§ Input data
--

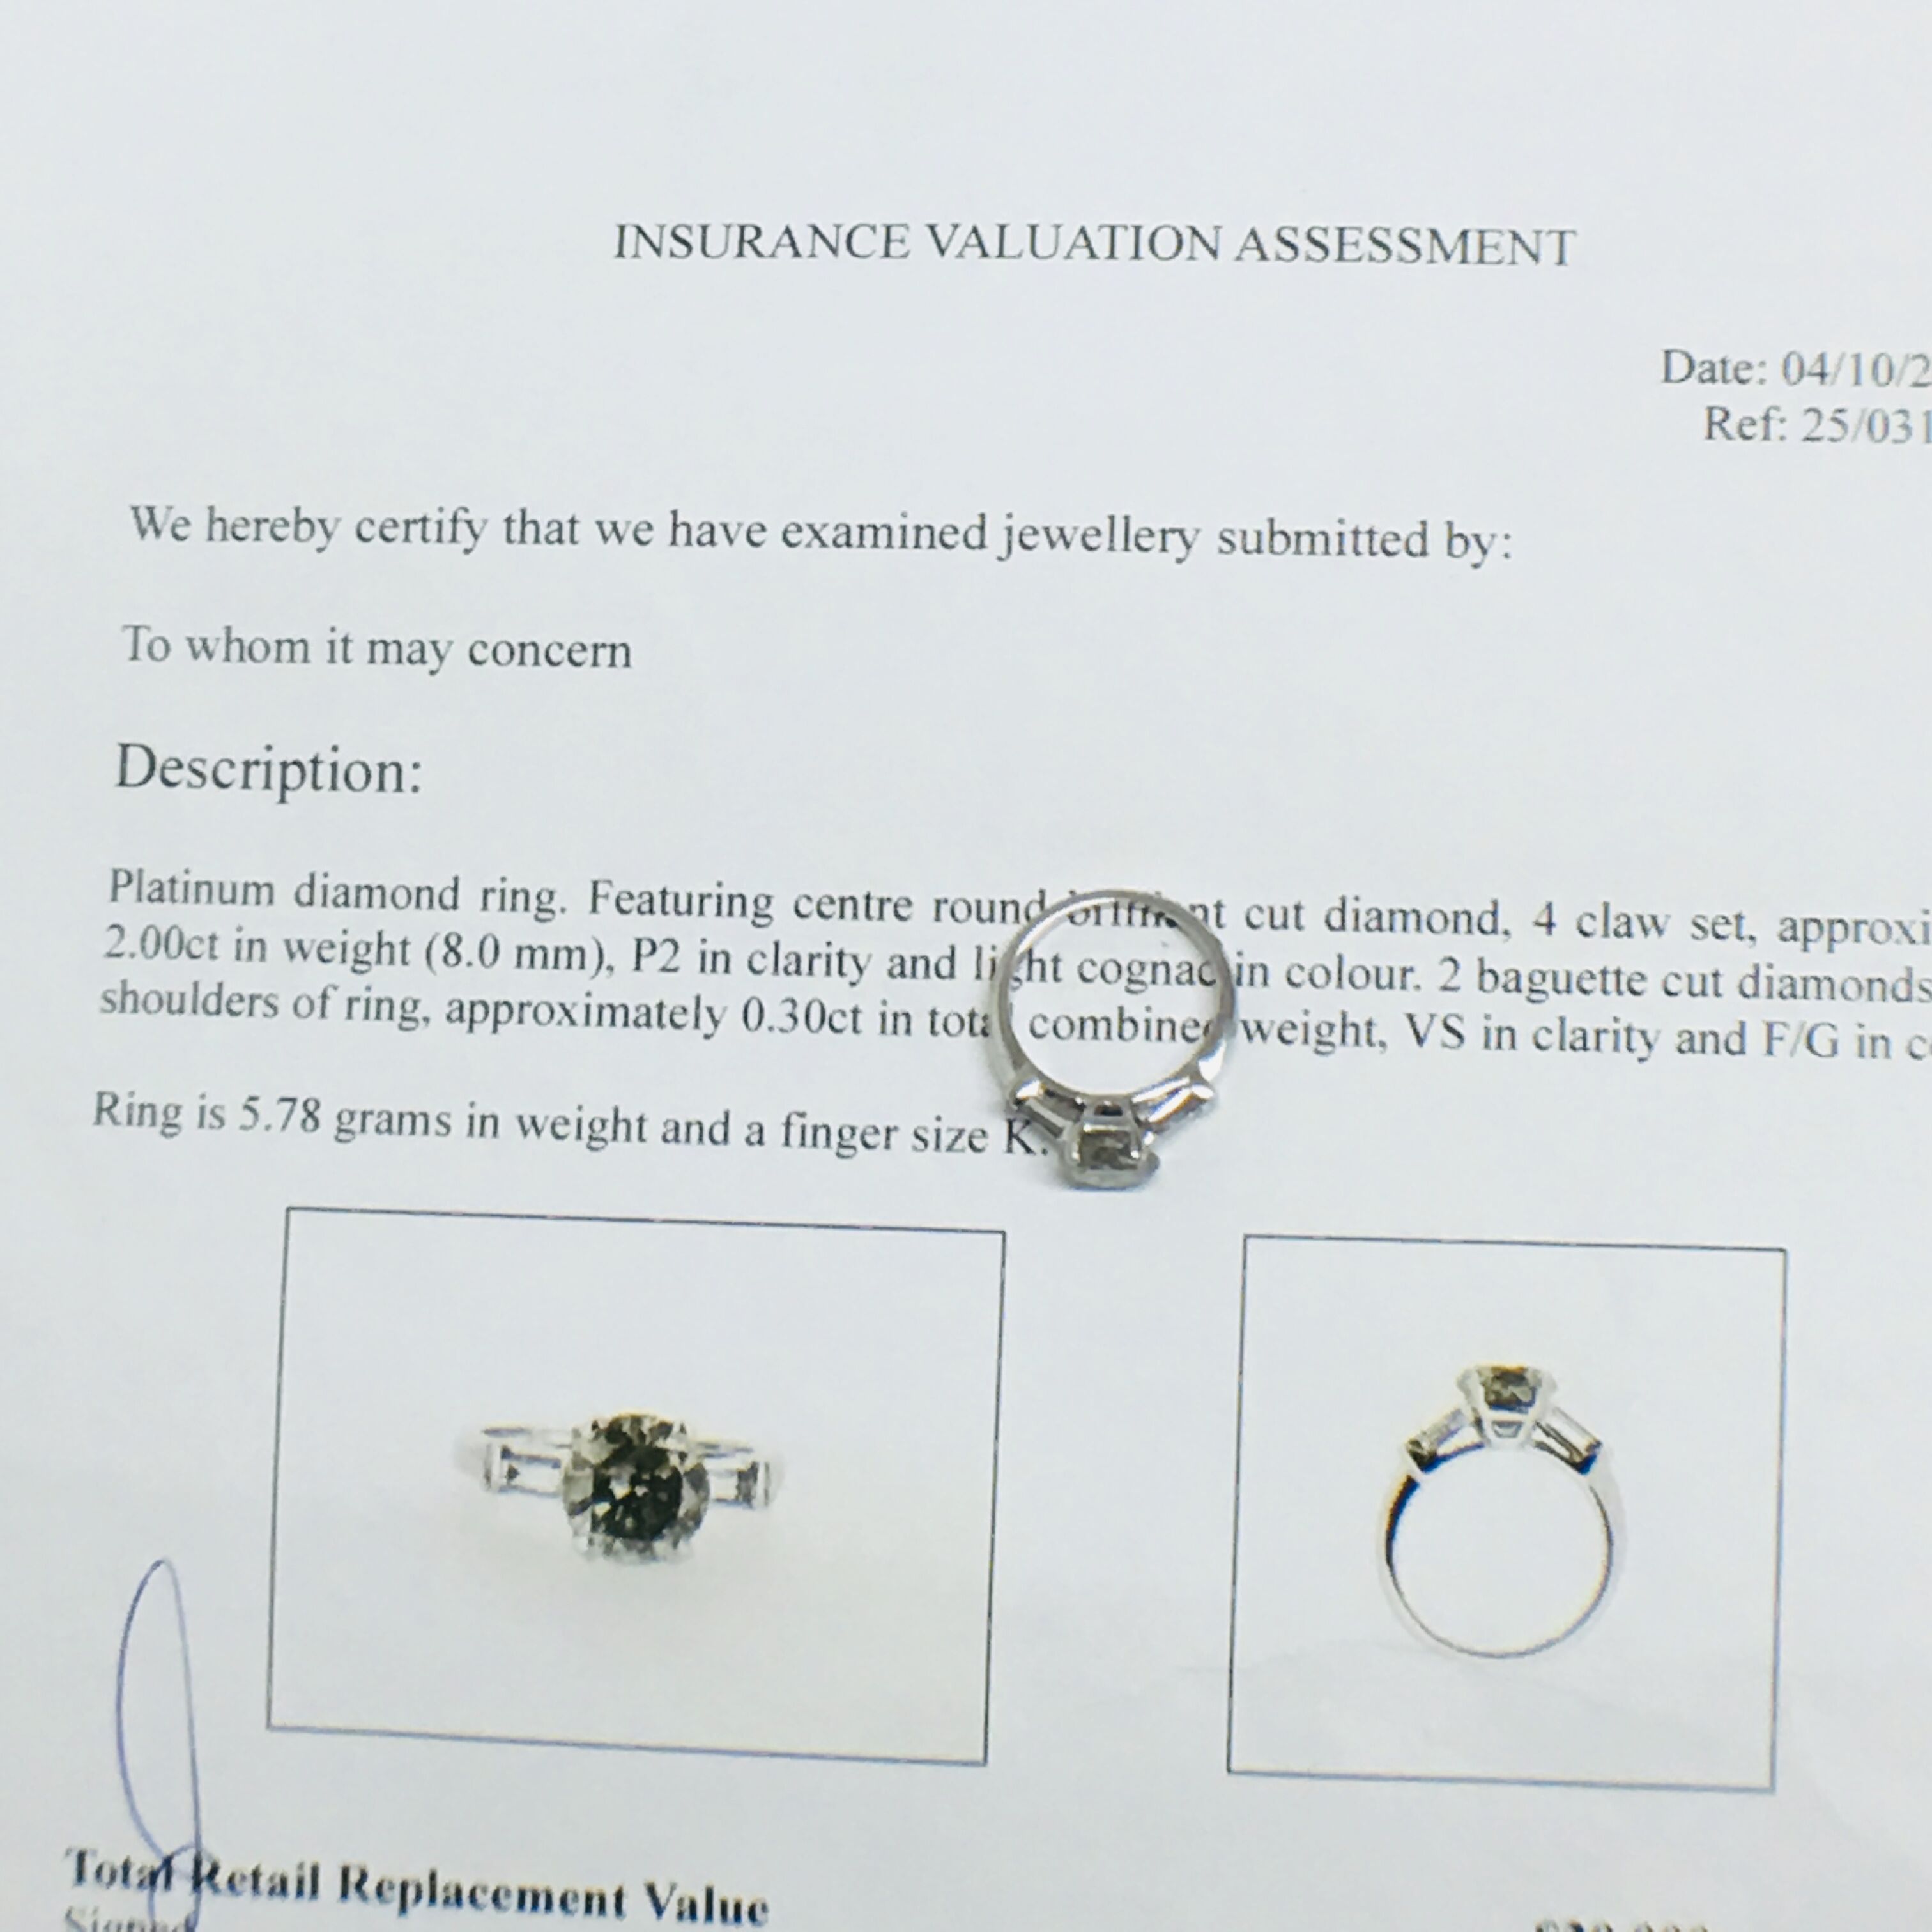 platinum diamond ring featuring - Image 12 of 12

--

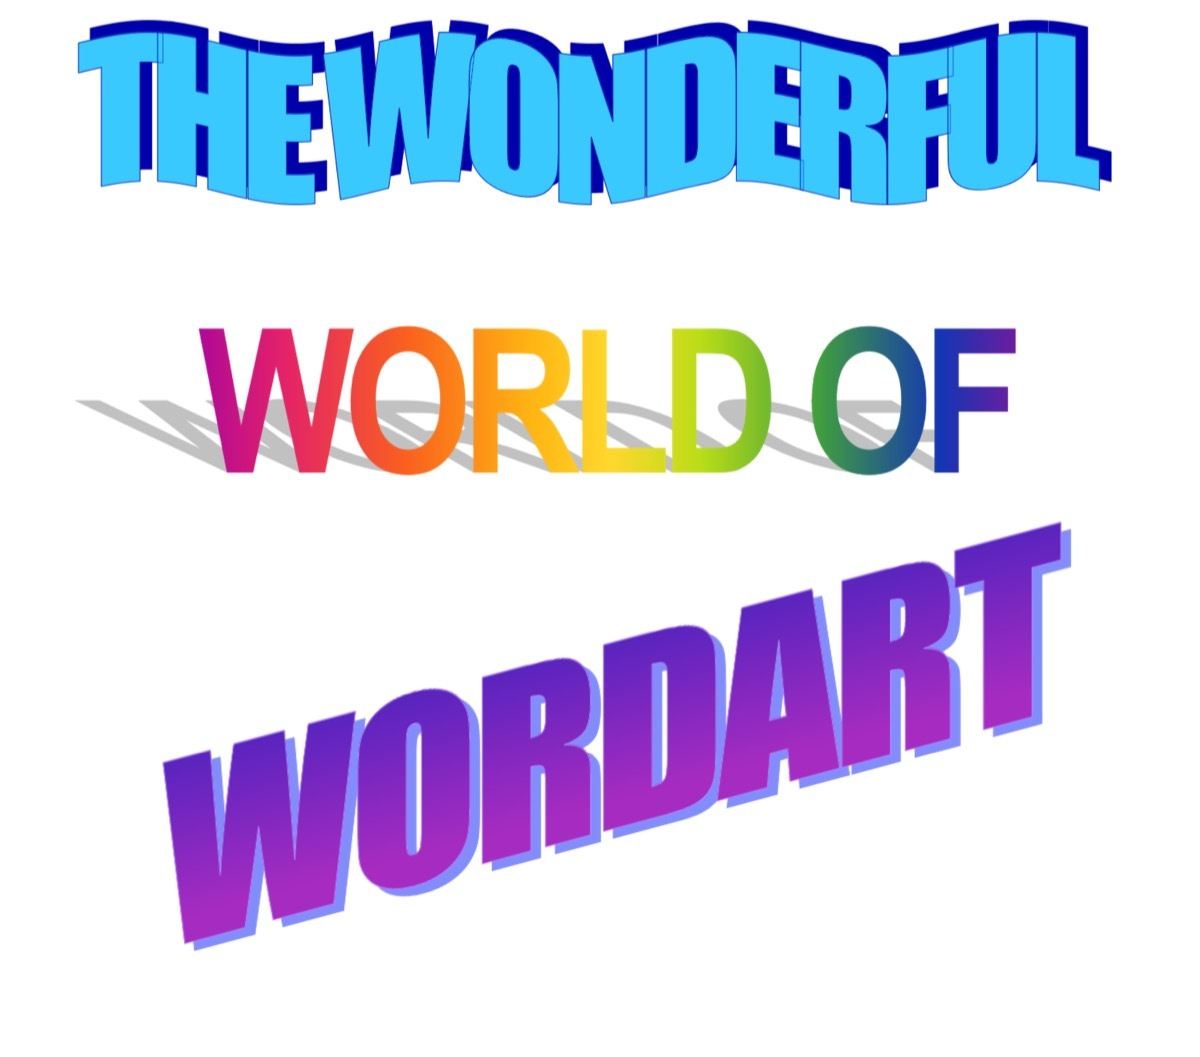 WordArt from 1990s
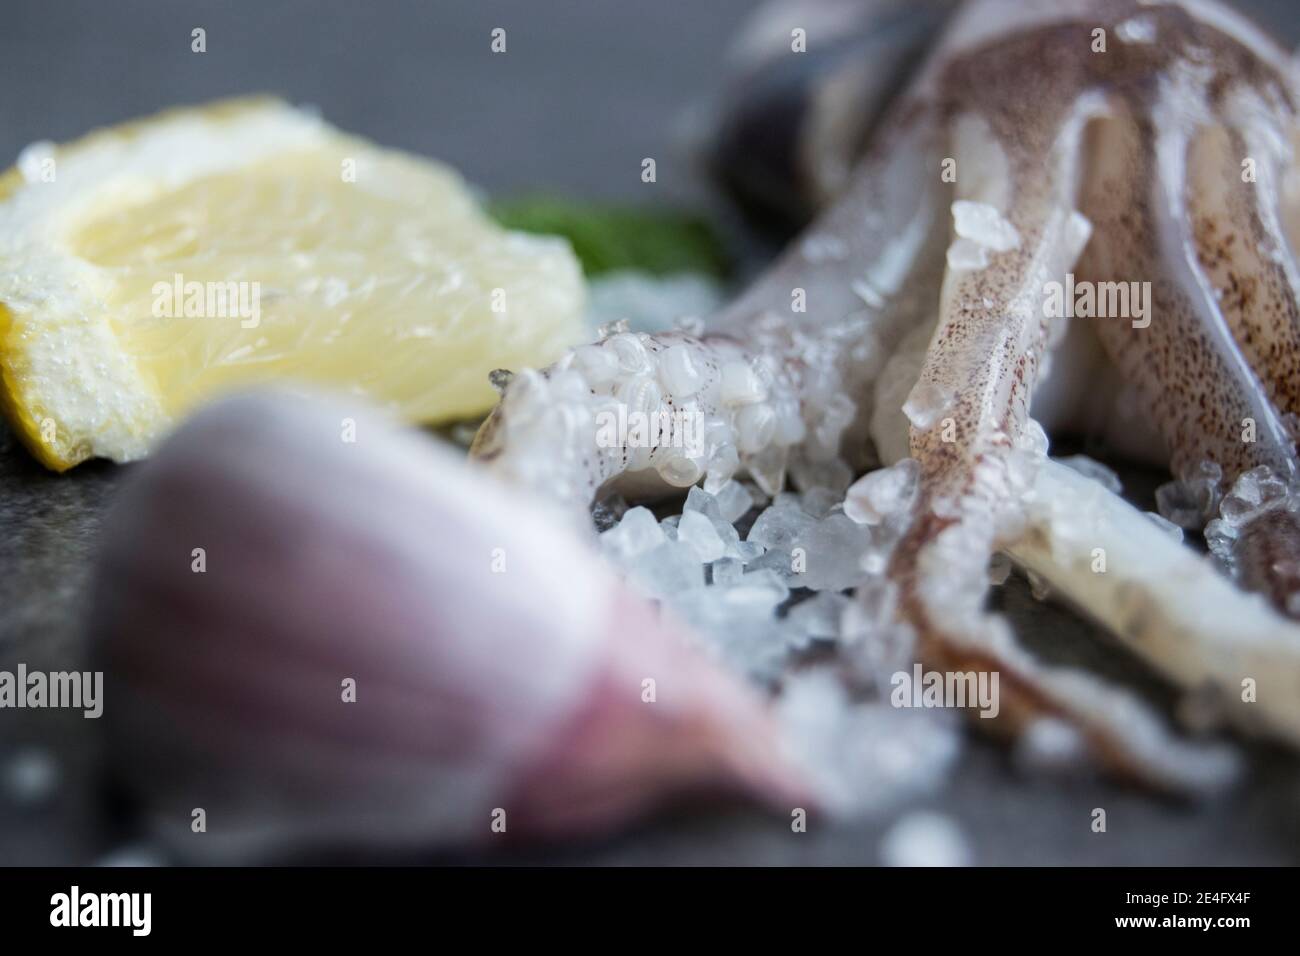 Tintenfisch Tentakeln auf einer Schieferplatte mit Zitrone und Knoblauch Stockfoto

--

§ What is being asked
Beginning with the line that contains "WordArt from 1990s", write out the lines of the material above exactly, and end with the line that contains "Tintenfisch Tentakeln auf". Omit the pictures.

§ Expected answer
 WordArt from 1990s
 Tintenfisch Tentakeln auf einer Schieferplatte mit Zitrone und Knoblauch Stockfoto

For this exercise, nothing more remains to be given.